> [Exercise requirements]:
Images should be omitted while the rest of the data is duplicated exactly.

> [Supplied material]:
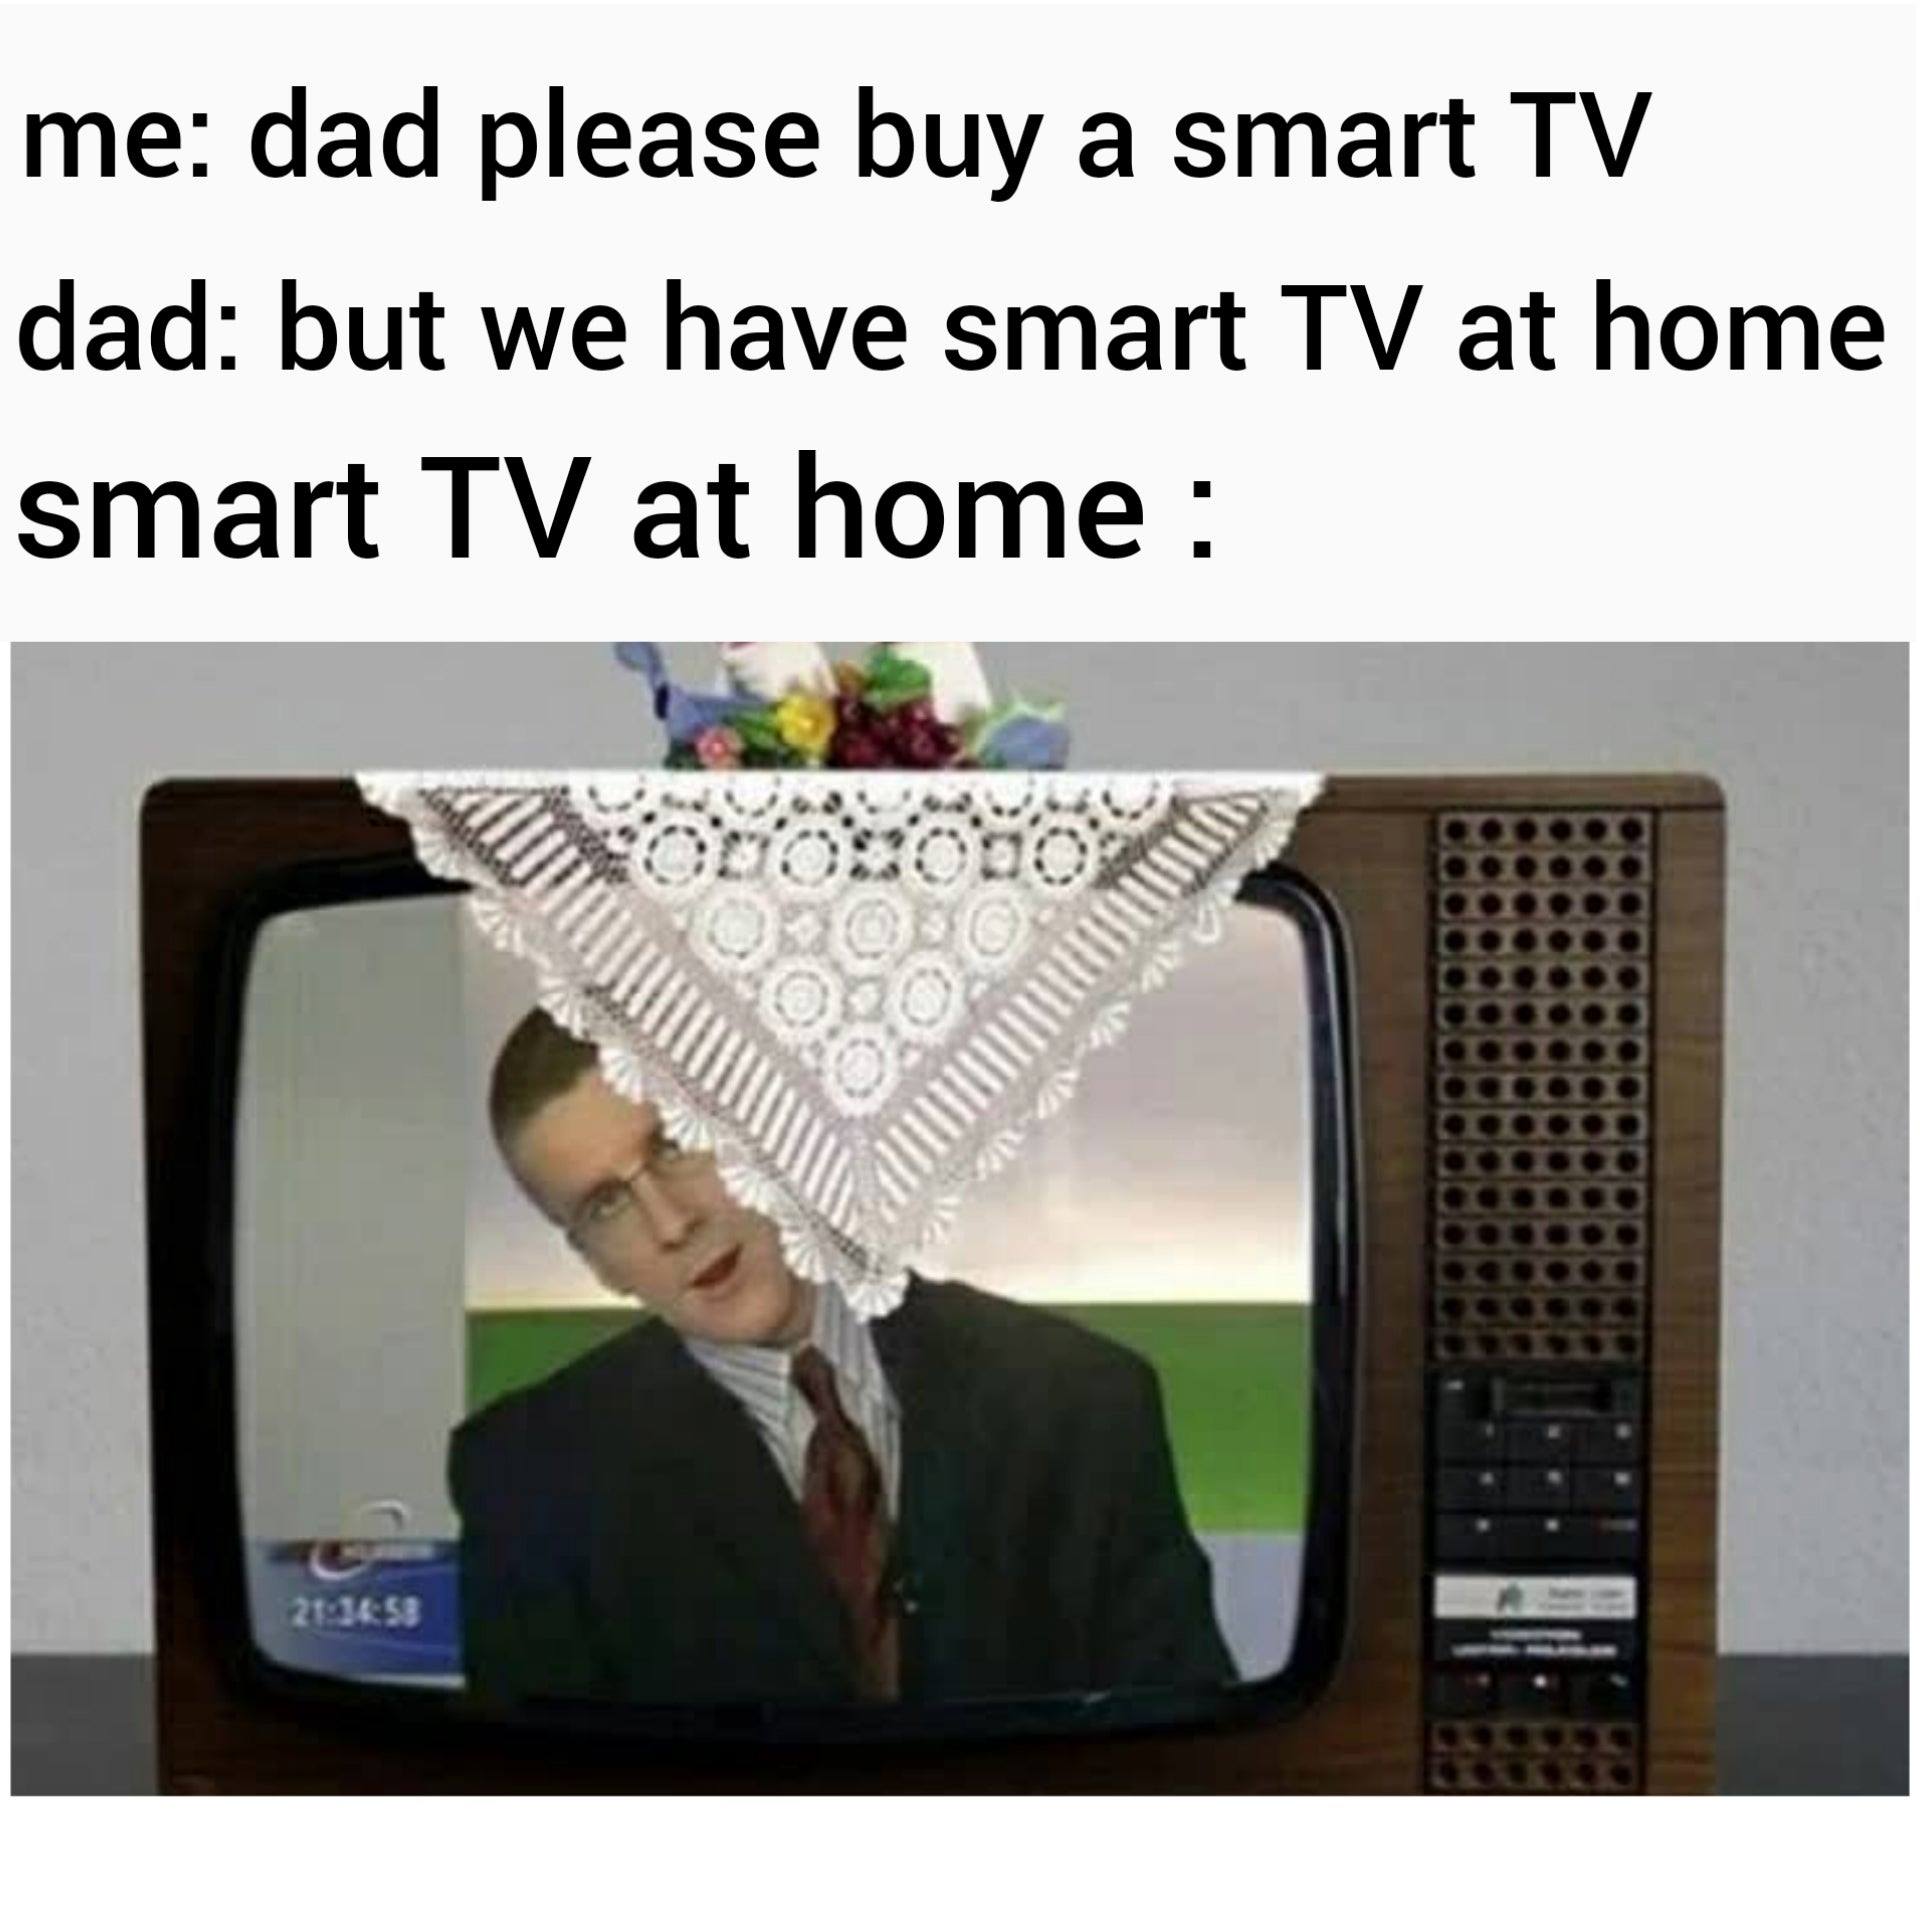 doily on tv - me dad please buy a smart Tv dad but we have smart Tv at home smart Tv at home 02
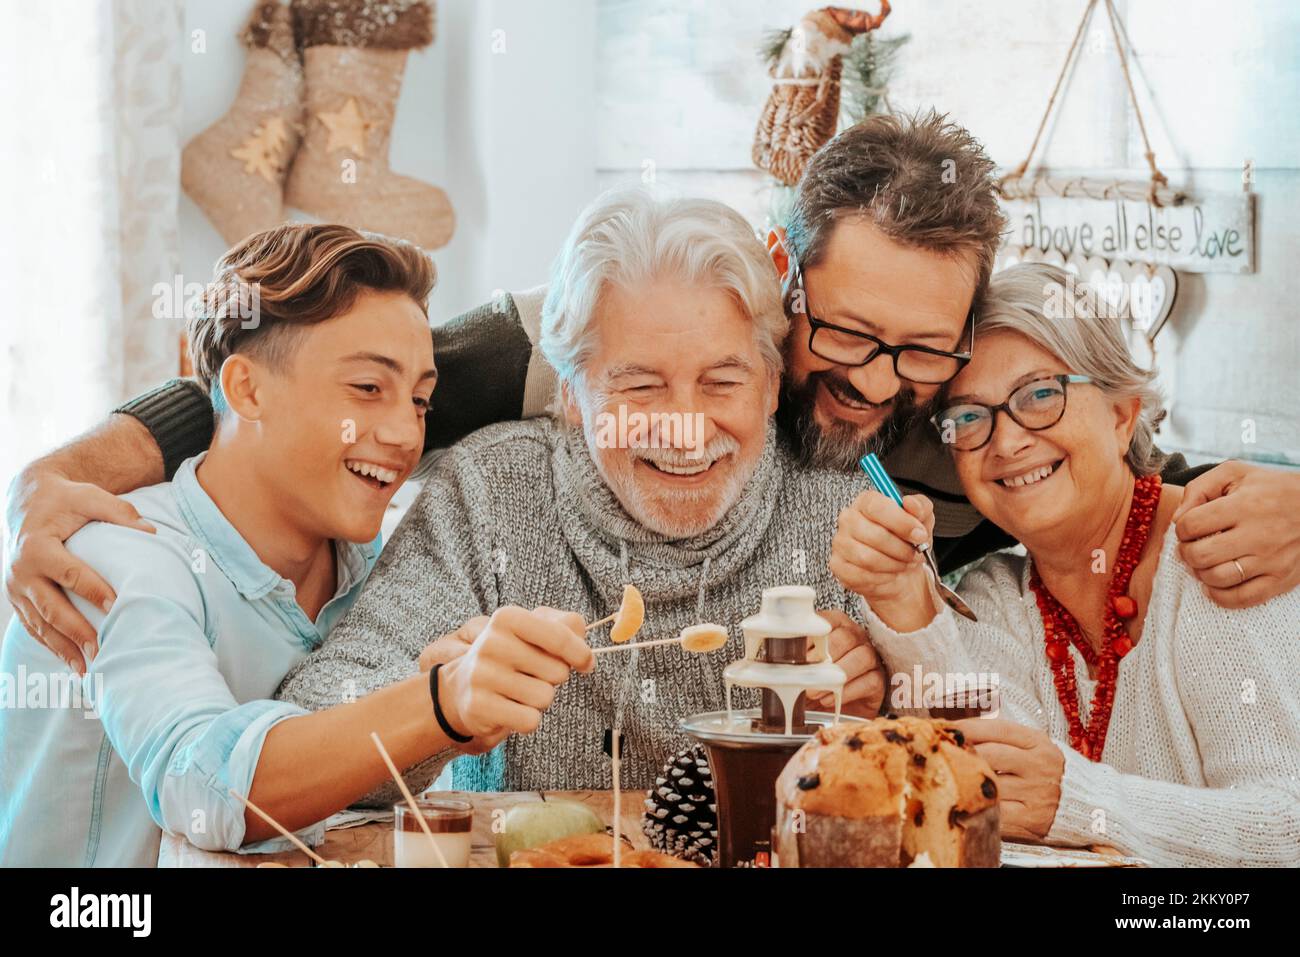 Family group celebrate together christmas lunch at the table eating and having fun in friendship. Mixed ages men and woman people enjoying holiday xma Stock Photo
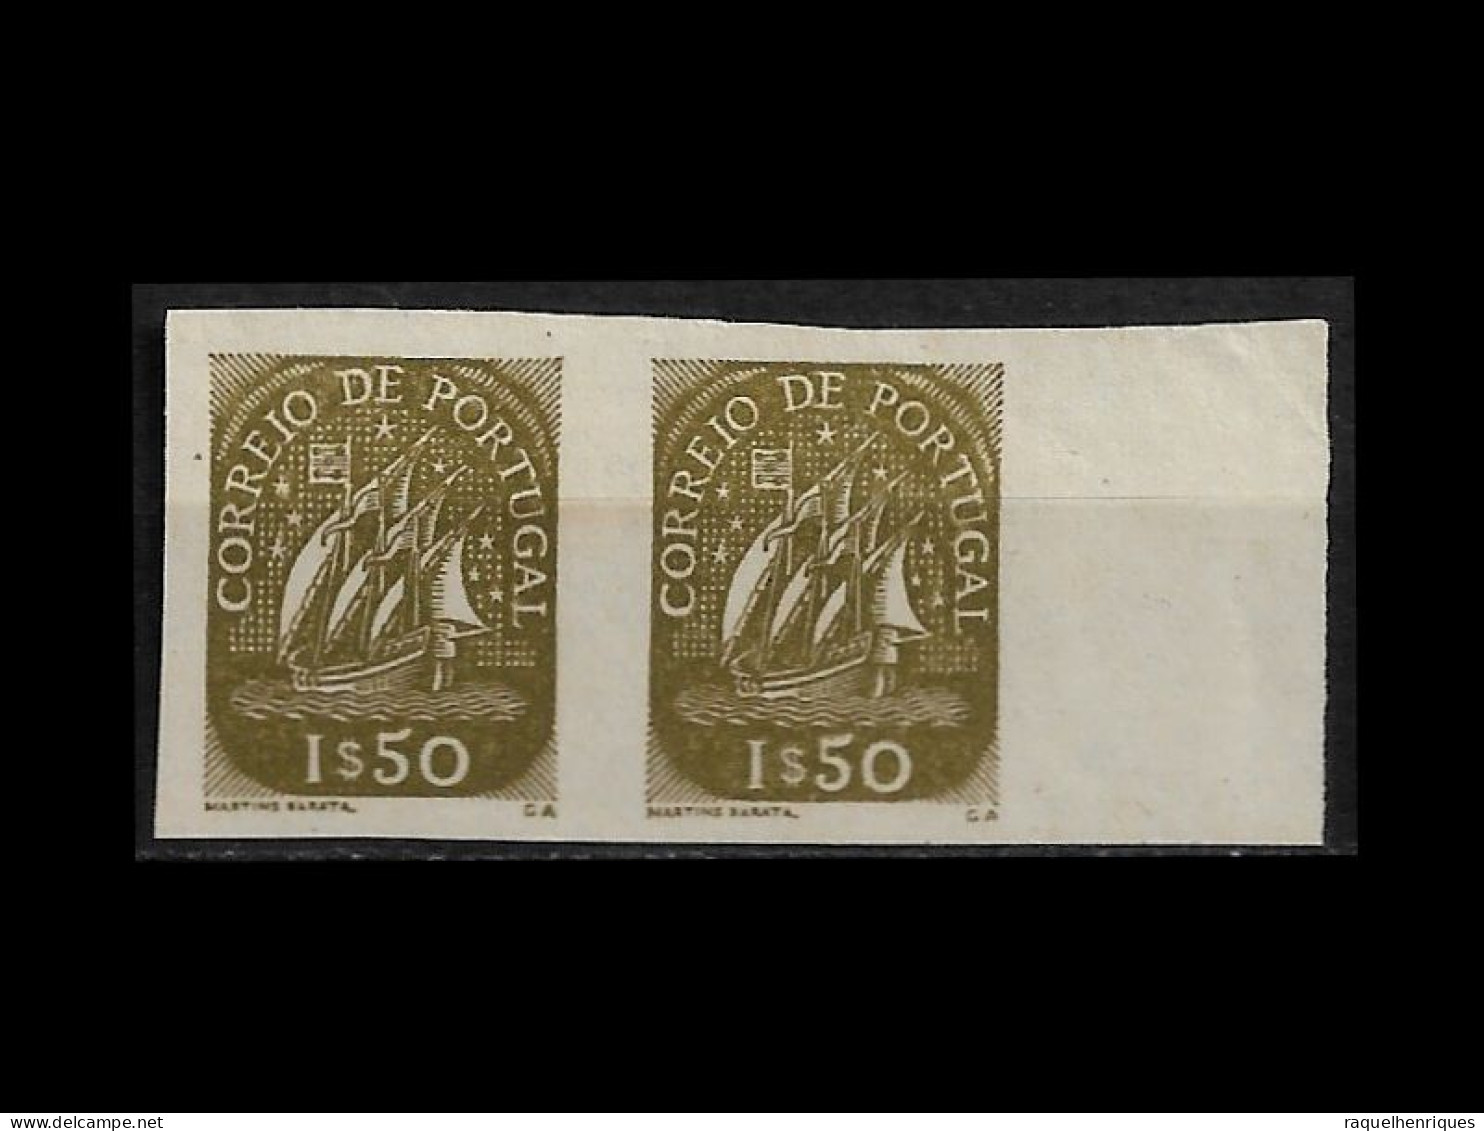 PORTUGAL STAMP - 1948-49 SHIP - Md#699 IMPERF. PAIR - PROVA - PROOF - MH (LESP#39) - Proofs & Reprints

> [Response below]:
 doily on tv - me dad please buy a smart Tv dad but we have smart Tv at home smart Tv at home 02
 Family group celebrate together christmas lunch at the table eating and having fun in friendship. Mixed ages men and woman people enjoying holiday xma Stock Photo
 PORTUGAL STAMP - 1948-49 SHIP - Md#699 IMPERF. PAIR - PROVA - PROOF - MH (LESP#39) - Proofs & Reprints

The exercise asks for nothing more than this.